### DATASET EXTRACT ###
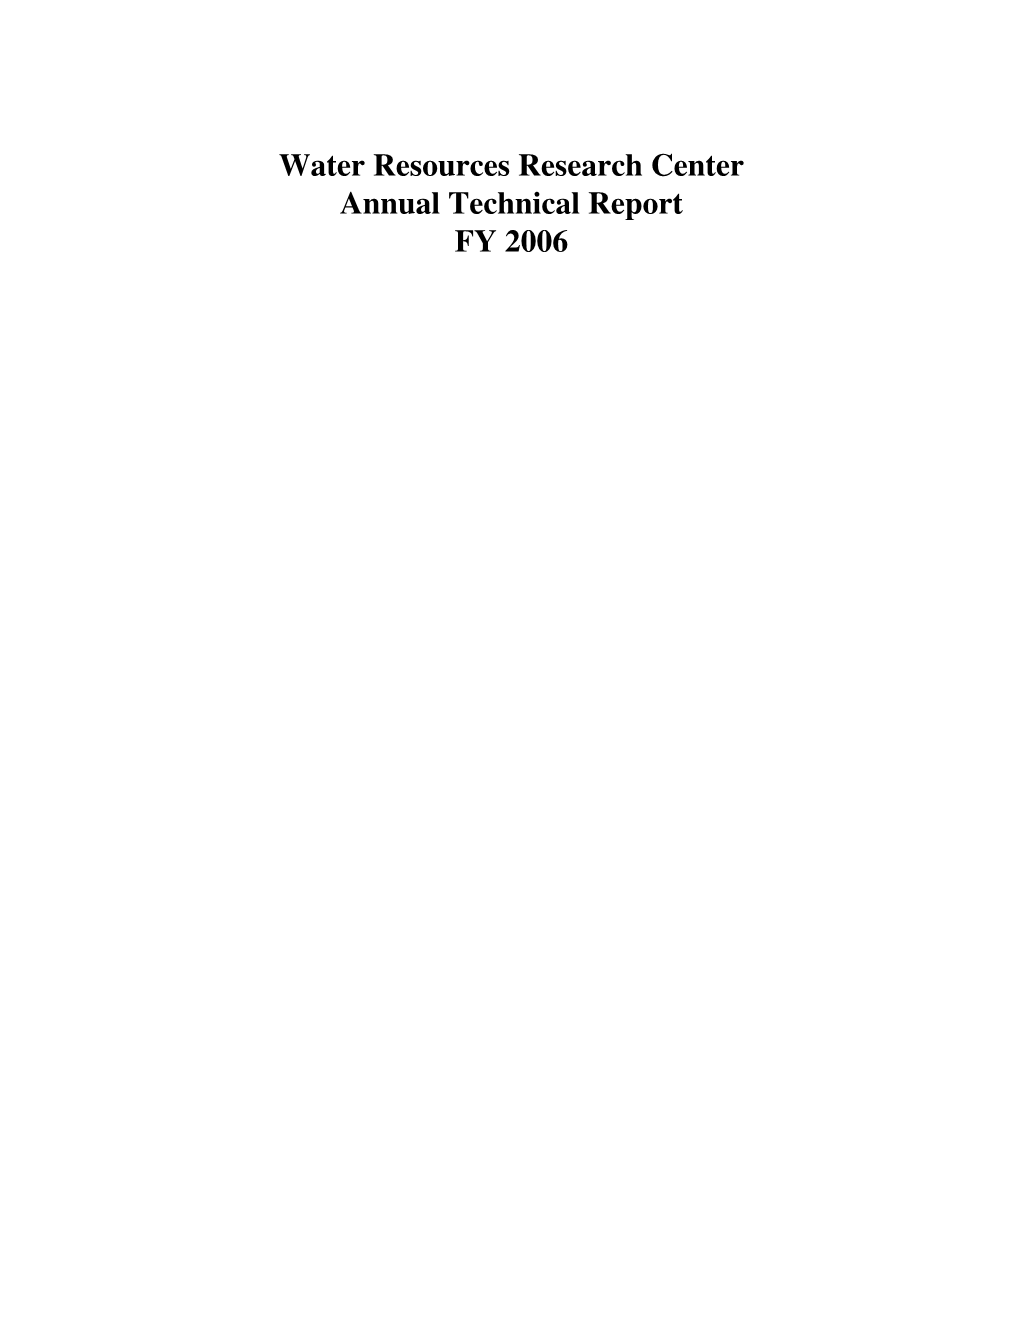 Water Resources Research Center Annual Technical Report FY 2006 Introduction Fiscal Year March 2006 - February 2007
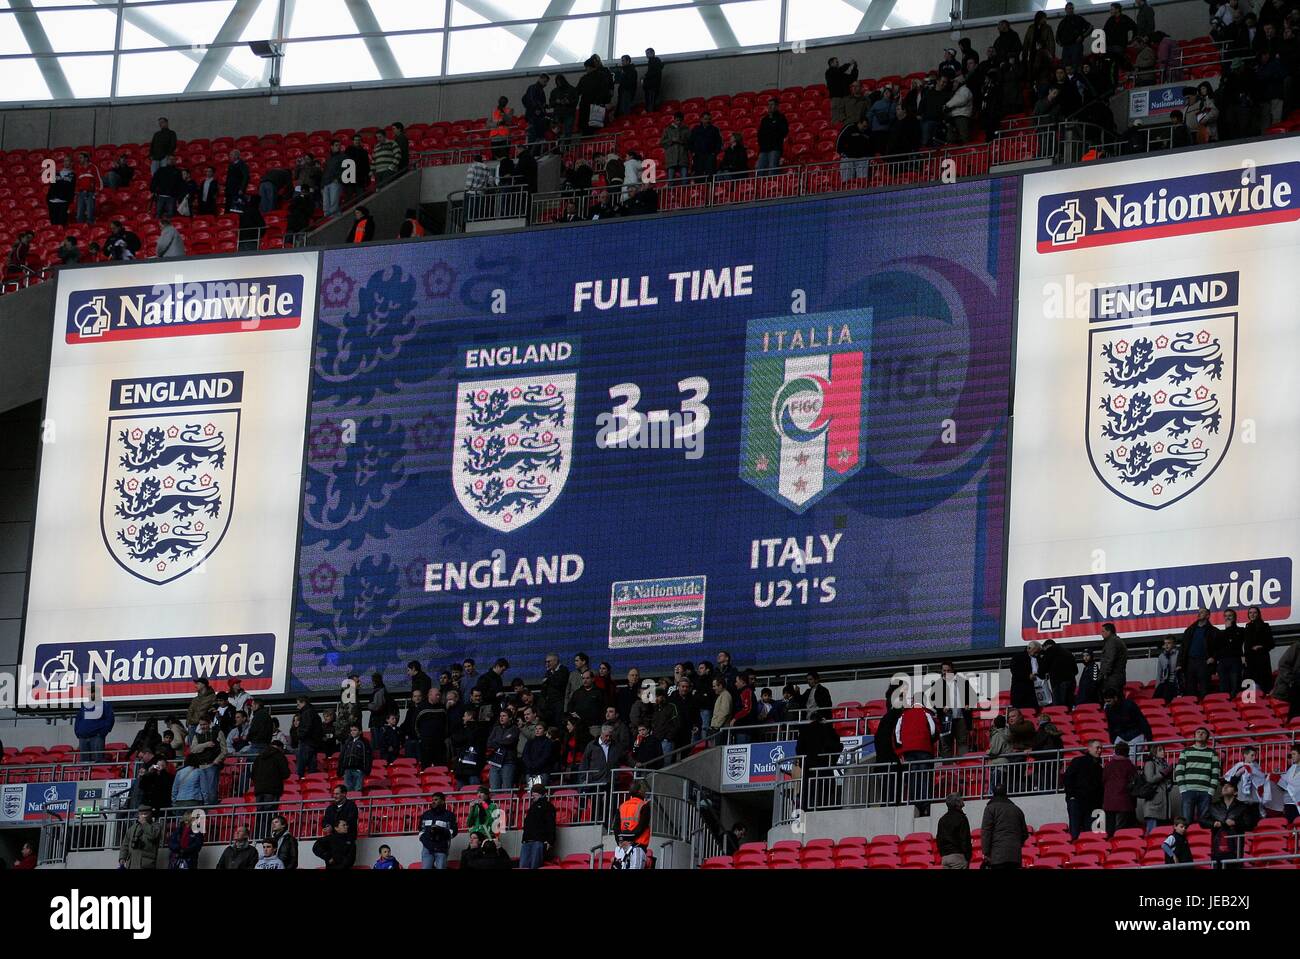 Latest England Football Scores and Results
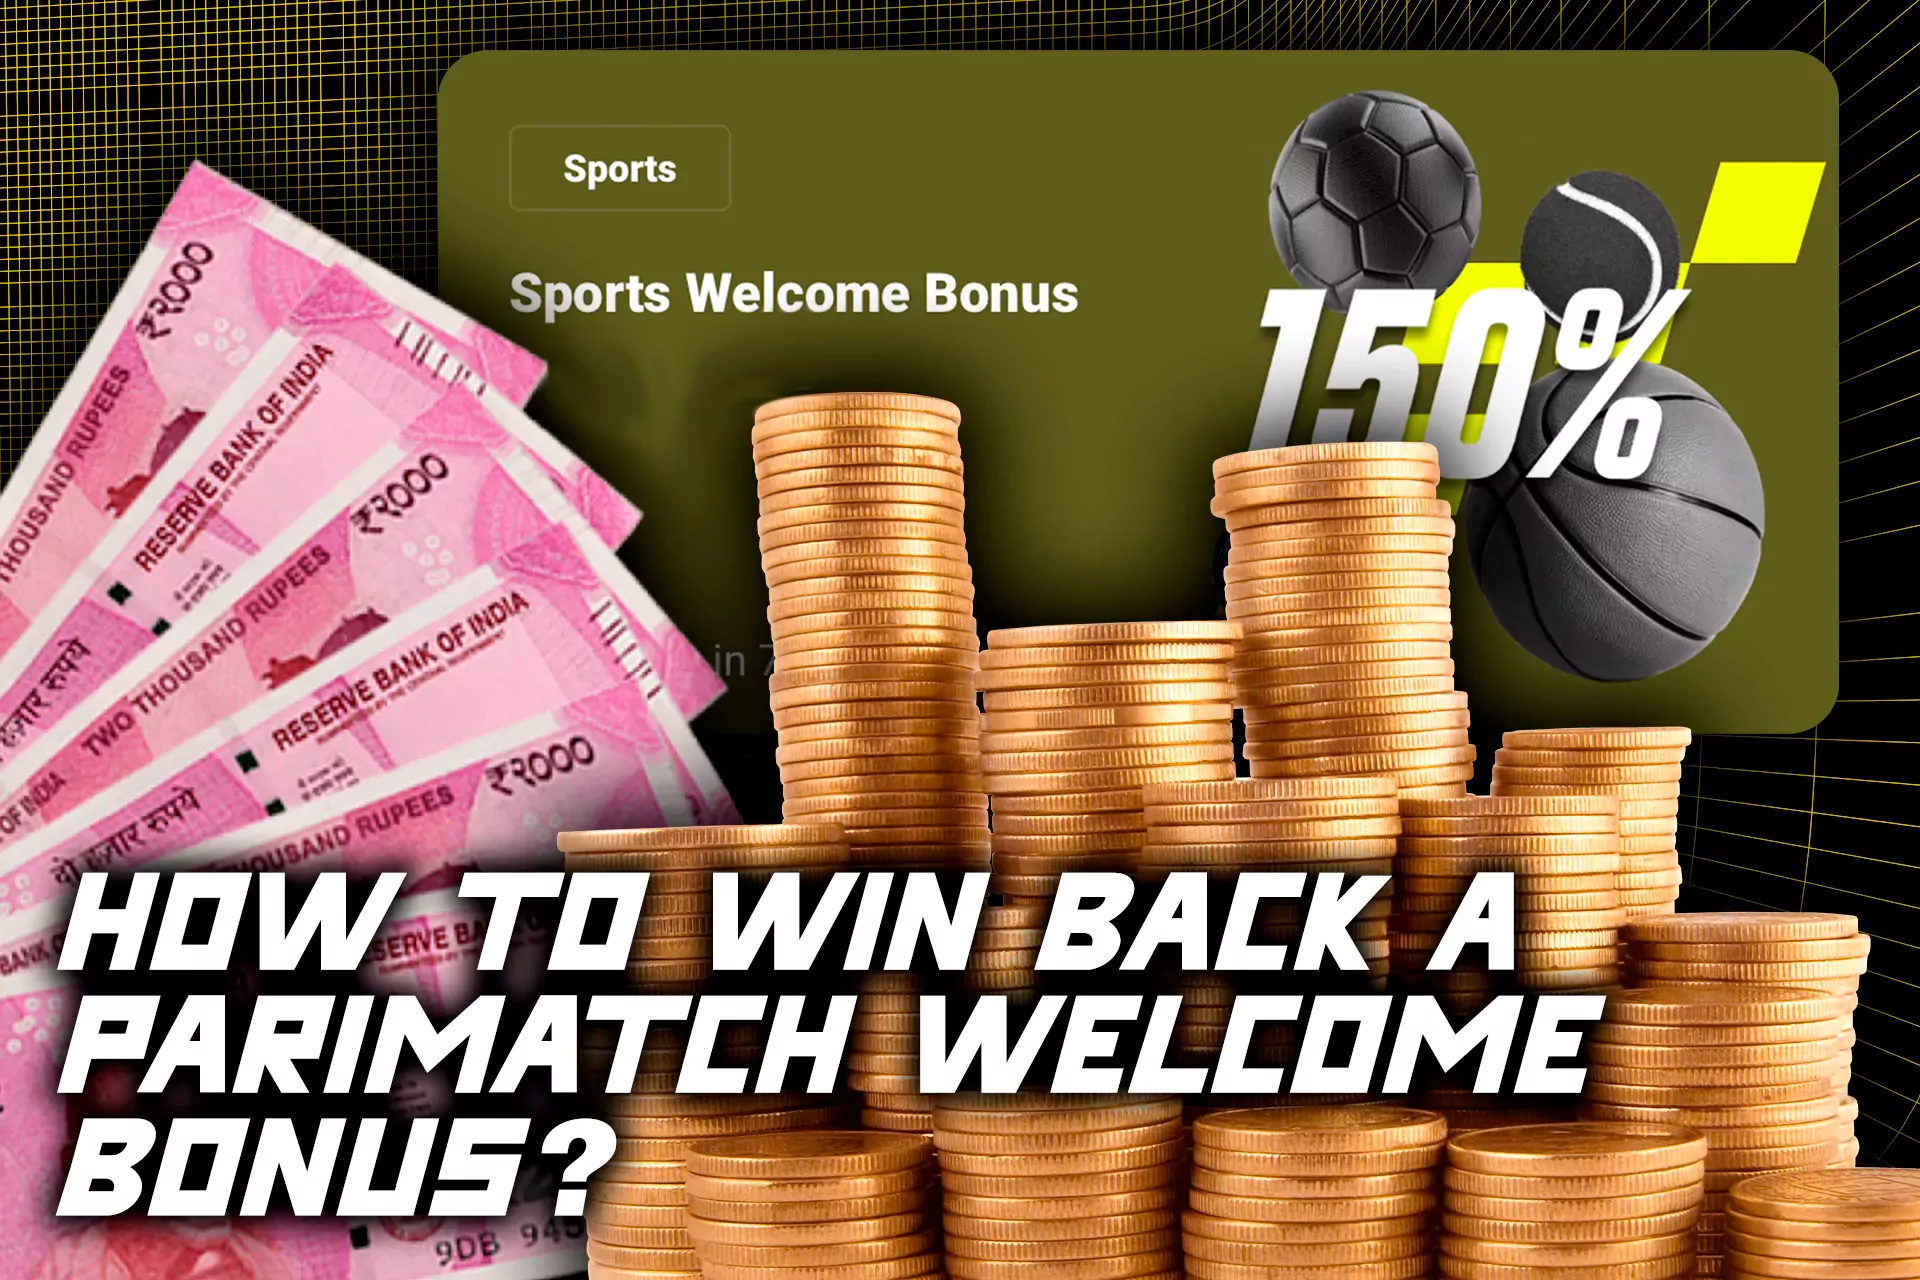 Follow our tips attentively to increase the chances of winning the welcome bonus back.
###
TRY IT> Begin at the line that contains "Latest England Football Scores and Results" and transcribe every line through the end of the listing, exactly as written. Omit the pictures.

SOLUTION TO THE EXERCISE>
 Latest England Football Scores and Results
 Follow our tips attentively to increase the chances of winning the welcome bonus back.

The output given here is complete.